TABLE II ______________________________________ BORON-FREE HEATS (Elements In Percents By Weight) B up to C Mn Si S Rc 2 min 25 min ______________________________________ 1.37 1.15 1.38 0.061 56.6 0.0 0.0 1.14 1.05 1.30 0.065 61.3 0.0 0.0 1.02 1.06 1.33 -- 66.0 0.0 0.0 0.98 0.90 1.12 -- 64.9 0.0 0.0 0.82 2.26 1.54 0.033 65.6 0.0 0.0 0.81 0.74 0.84 0.044 66.8 0.0 0.0 ______________________________________
It should be emphasized that Table I represents the carbon extremes and selected intermediate boron containing heats for more than 60 heats which were actually poured under shot producing conditions. Likewise, Table II represents the carbon extremes and selected intermediate boron-free heats from many heats which were actually poured under shot producing conditions.

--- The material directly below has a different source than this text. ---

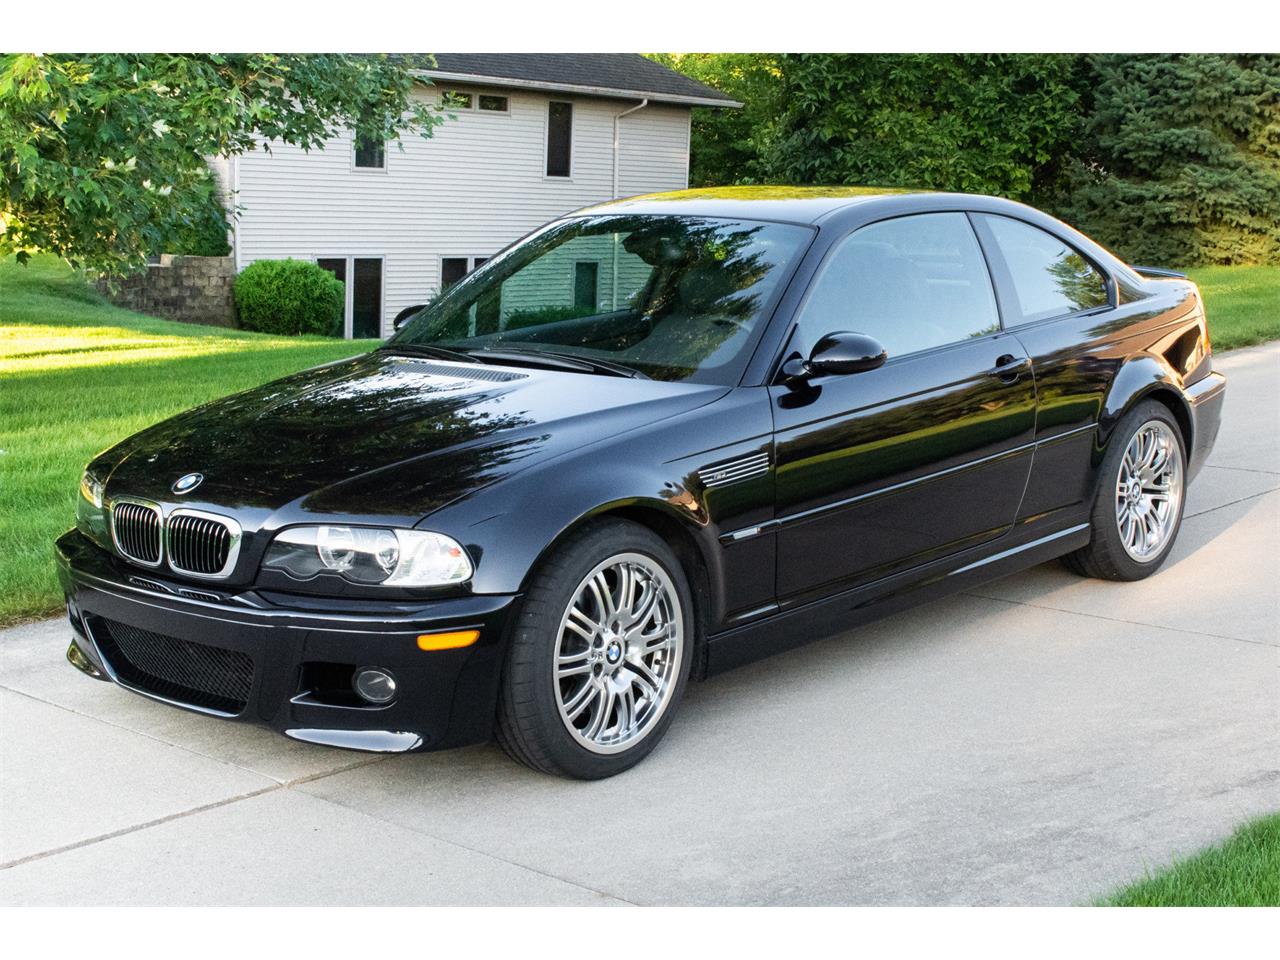 2003 BMW M3 for Sale | ClassicCars.com | CC-1252619

Standard industry life cycle tests indicated that shot produced from boron containing heats has a life at least equal to similar heats which are boron free. Moreover, no unique detrimental effects from the normal manufacturing parameters such as pouring time and water nozzle pressure were observed in the boron-bearing product, as compared to the boron-free product. Also, the percentage of hollows and miss-shapened shot particles was the same order of magnitude as for normal boron-free shot. Moreover, no coarseness of grain size occurred, as would have been predicted from the experience of metallurgists who have added boron for hardenability in plate steel production.
Thus, it can be seen that by the addition of boron, a yield of substantially fully martensitic structure is so assured despite carbon above the preferred range that the gas consuming hardening furnace and drying operations normally performed in the steel shot producing operation in order to comply with industry standards such as SFSA 20T-66 can, as a practical matter, be eliminated.

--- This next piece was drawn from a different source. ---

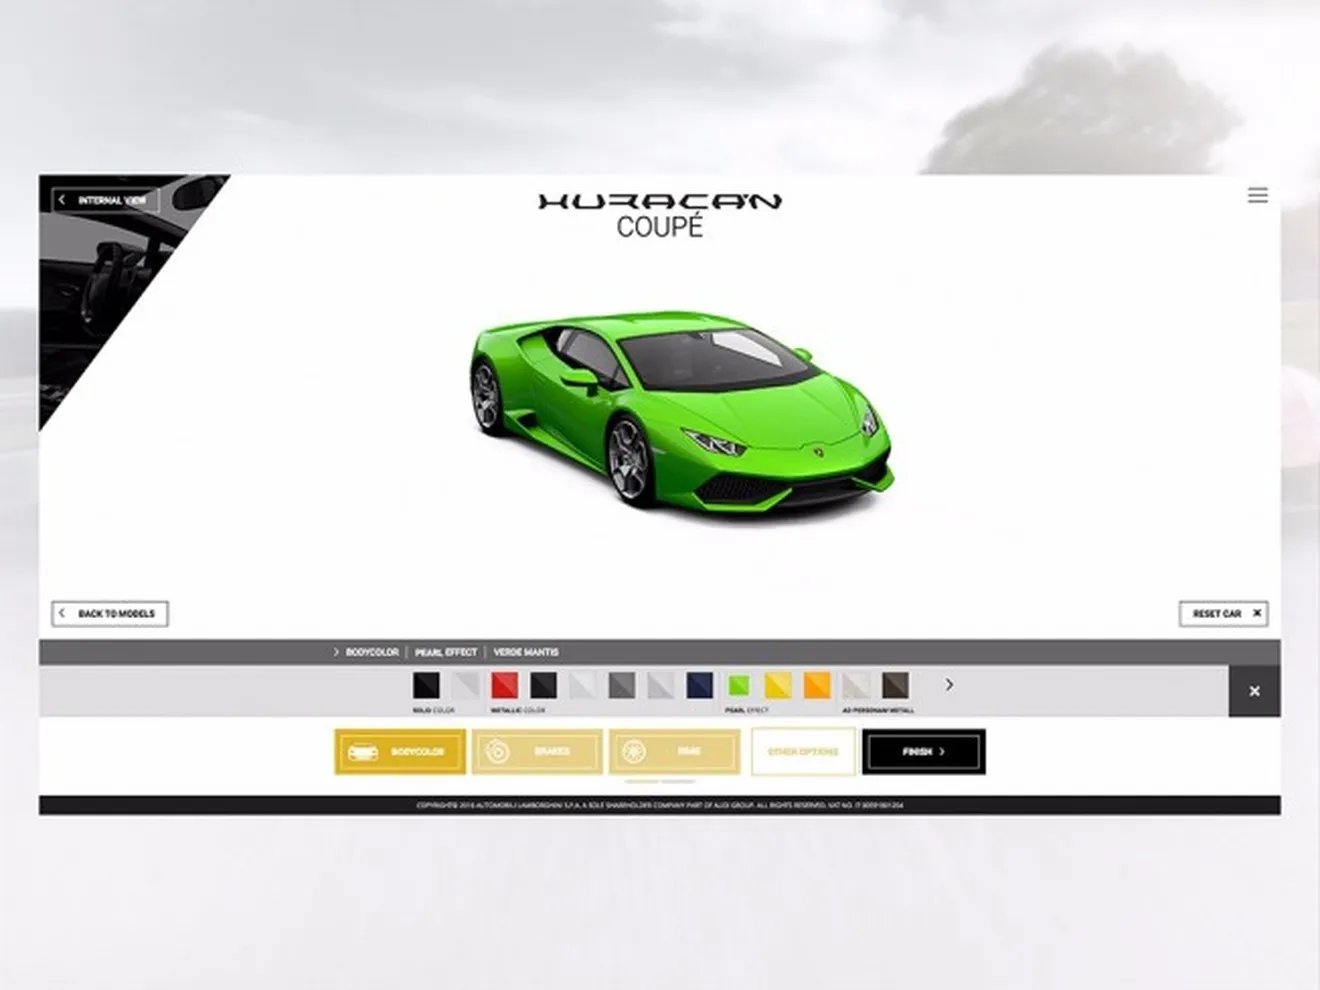 Lamborghini - nuevo configurador on-line

The process of making steel shot has been described previously as including the steps of: charging, melting, refining and pouring. FIG. 1 illustrates the equipment utilized in this procedure in schematic form. The numeral 10 designates an arc furnace or ladle containing molten steel. The numeral 12 designates a trough through which molten metal passes on its way to a tun dish or metering pot 14. The tun dish or metering pot 14 has a lower orifice 16 through which a metal stream 18 flows. A nozzle 20 directs a stream of fluid, usually water, under pressures of the order of magnitude of from 10 to 35 psi with the lower portion of the range preferable for the reason it permits a more direct path of the shot to the quenching bath and therefore a faster quench. The nozzle 20 creates a water stream 22 through which shot particles, indicated by the numeral 24, impinge and then drop into a water pit 26. The as-cast shot is then removed from the water pit 26 and taken directly to a tempering furnace or to a crushing operation when the principals of the instant invention are employed. When required, the boron is added to the steel near the end of the melting and refining procedure. The presence of the specified amounts of silicon insures that the heat is killed at this time.

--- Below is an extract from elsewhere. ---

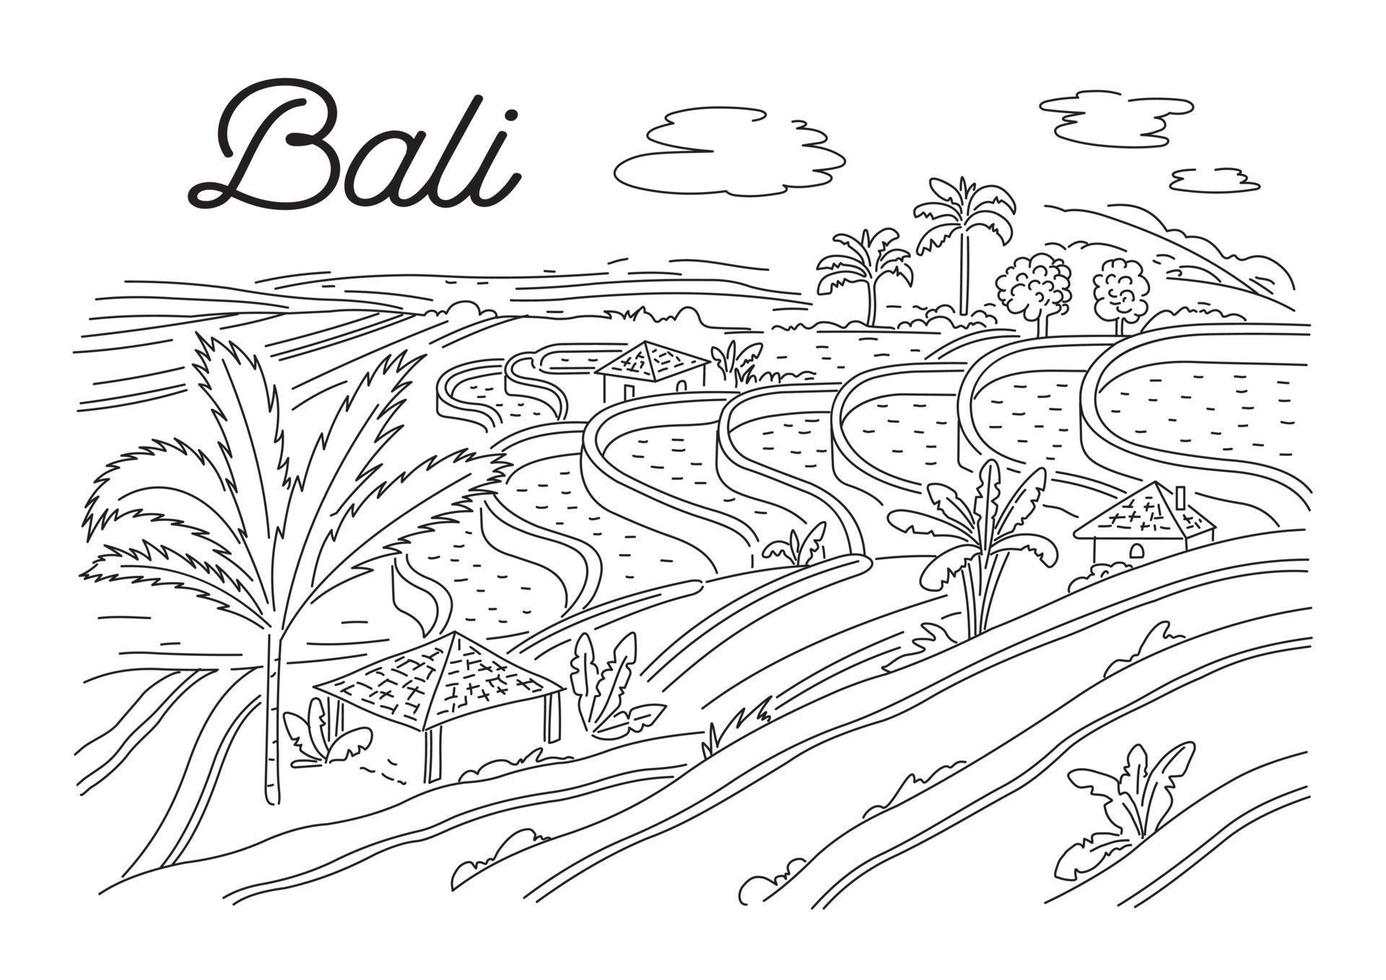 ris terrasser i bali. indonesiska natur. vektor linjär illustration, skiss

A ferro-boron material having a nominal composition, for example of 18 percent boron and 82 percent iron and impurities may be dissolved in the molten metal just prior to tapping of the furnace or right after tapping of the furnace if it is performed in a ladle.
Having described the preferred embodiment, we wish to state that it is not our intention to be limited thereto, but to be limited rather only by the scope of the appended claims.
Claims (9)
1. A method of producing cast steel shot having a microstructure of substantially all martensite tempered to a hardness in the range of from about 40 to 50 on the Rockwell C Scale which includes the steps of charging, melting, refining, pouring and tempering,
said pouring step being performed by directing a stream of the melted and refined molten steel through a stream of fluid under pressure and into a fluid quenching bath to produce shot in an as-cast condition having a substantially fully martensitic structure and corresponding full hardness; and,
said tempering step being performed on said shot while in its as-cast condition whereby an intermediate step of heat treating for hardening is eliminated.
2. The method of claim 1 in which said method includes the step of alloy-adding and said step includes the addition of ferro-boron to the melted metal.
3. The method of claim 1 in which said melted and refined steel comprises:
carbon in about the range of from 0.68 to 1.06 percent by weight; manganese in about the range of from 0.50 to 2.26 percent by weight; silicon in about the range of from 0.3 to 1.80 percent by weight; sulphur in about the range of from 0.0 to 0.1 percent by weight with the remainder substantially all iron and trace elements and impurities.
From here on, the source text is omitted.